Journal des tropiques (III) : Noël avec un coin cassé

Imaginez que vous entrez par la porte, que des voix se font entendre dans le salon. Imaginez qu’à travers la vitre vous voyez votre grand-mère vous offrir des pois. Imaginez votre oncle fumant une cigarette. Ton autre oncle ouvre le vin. À ton père qui met la table. Imagine tes tantes, tes cousines, ta mère, ta sœur qui s’adaptent aux canapés, coins, chaises. Imaginez qu’il y a tellement de bruit que personne ne vous remarque, que vous venez de boire quelques verres sournoisement.

« Il y a vingt ans, on faisait toujours des erreurs », disait Martín Caparrós, « même s’il réussit. » Imaginez à quel point vous auriez aimé faire moins d’erreurs et avoir passé plus d’heures à préparer cette table avec ton père, à accepter les cookies de ta grand-mère. Imaginez que vous êtes réellement dans cette maison la nuit la plus ancienne de l’année, que votre famille ne soit pas tombée dans l’abîme de l’absence. Imaginez que tout le monde est encore en vie. Imaginez que vous ne rentrez pas dans la maison. Imaginez des cadeaux et des rires. Imaginez qu’il y a quelques jours vous avez célébré l’anniversaire du Christ et que vous vous êtes bien amusé. Imaginez que Dieu s’incarne réellement dans cet enfant né il y a deux mille ans dans une grange de misère.

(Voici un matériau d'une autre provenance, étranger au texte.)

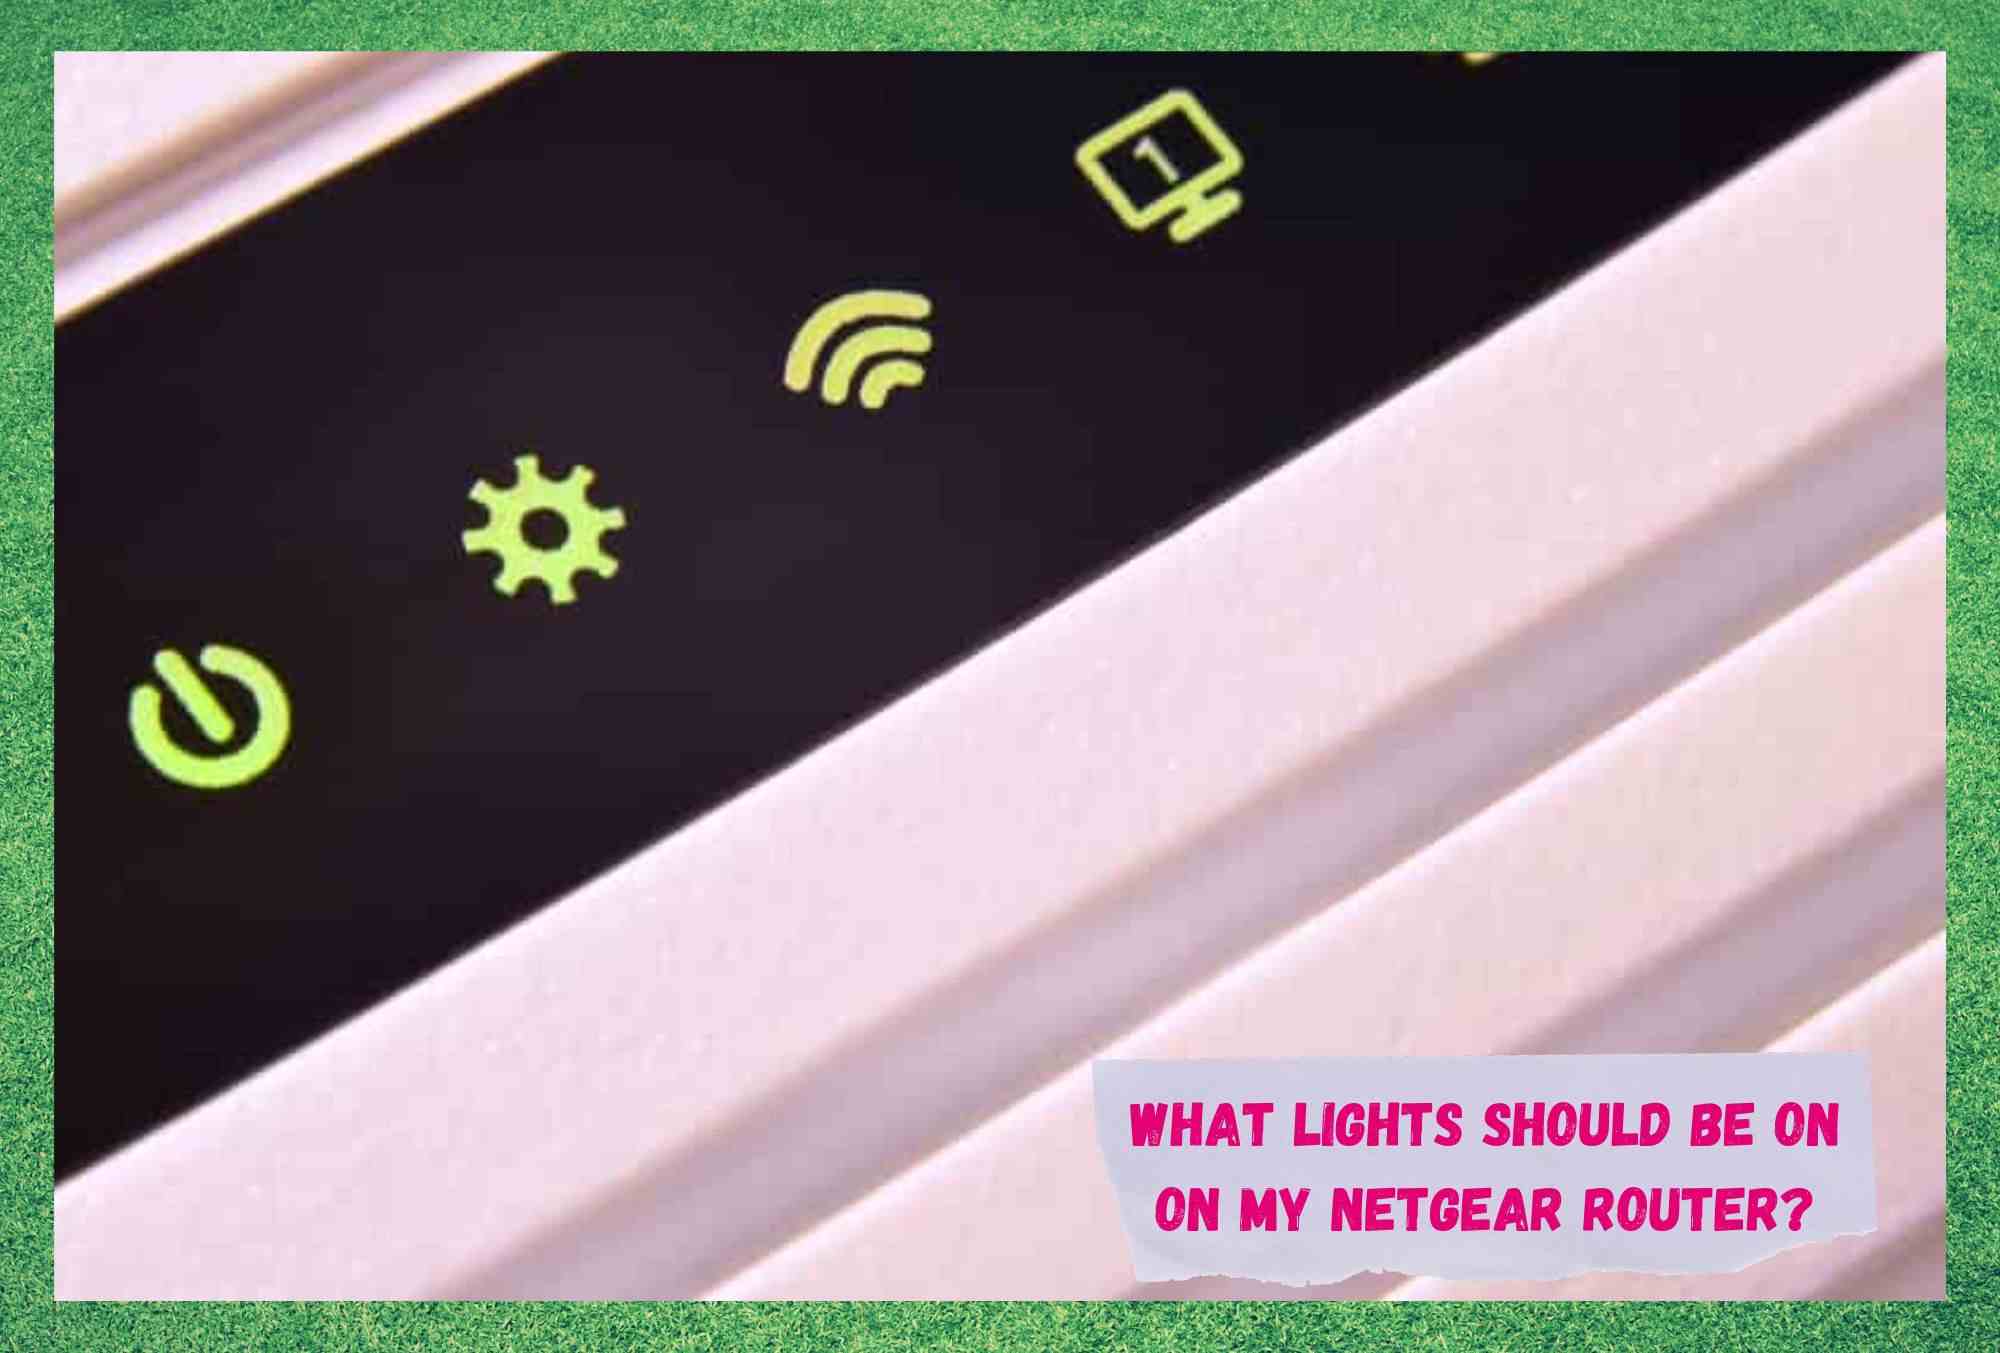 Koja svjetla bi trebala biti na mom Netgear ruteru? (odgovoreno)

Imaginez les chansons et les toasts. Imaginez qu’il n’y ait pas de chaises vides, y compris la vôtre. Imaginez que la mélancolie n’occupe pas les espaces entre les objets, comme s’il s’agissait de l’air. Imaginez que l’année prochaine efface les souvenirs les plus abondants et les plus douloureux. Imaginez, juste un instant, que vos racines sont solides, longues, que vous n’avez jamais quitté votre ville, que tu n’es pas dans un avion à dix mille kilomètres de chez toi, d’une maison quelconque, imaginer à quoi ressemblait votre vie il y a une demi-vie. Imaginez que vous êtes courageux.

Lorsque vous avez fini d’imaginer, écoutez le bruit de la rue. L’avion a atterri dans la capitale de la jungle colombienne du Pacifique, Quibdó, qui porte un nom futuriste, mais dont la vie, dans de nombreux cas, date du Néolithique. La plus grande ville du département du Chocó est à majorité afro-colombienne, cent cinquante mille habitants et est la porte d’entrée vers le monde indigène qui vit en amont, en aval, dans l’épaisse jungle.

La chaleur, le bruit et les moustiques sont Un et Trinité. Le mystère central de la foi tropicale n’est pas d’expliquer cette sainte trinité mais d’essayer de la supporter. Le murmure des motos, les haut-parleurs en colère et le klaxon irrémédiable Ils sont aussi poisseux que le souffle torride qui passe et ne passe pas par la fenêtre. L’air a 92 pour cent d’humidité et avec un pourcentage un peu plus élevé, il deviendrait saturé, il commencerait à se condenser et l’air se transformerait en eau, en gouttes. Quibdó est sur le point de déborder, de devenir une grande mare.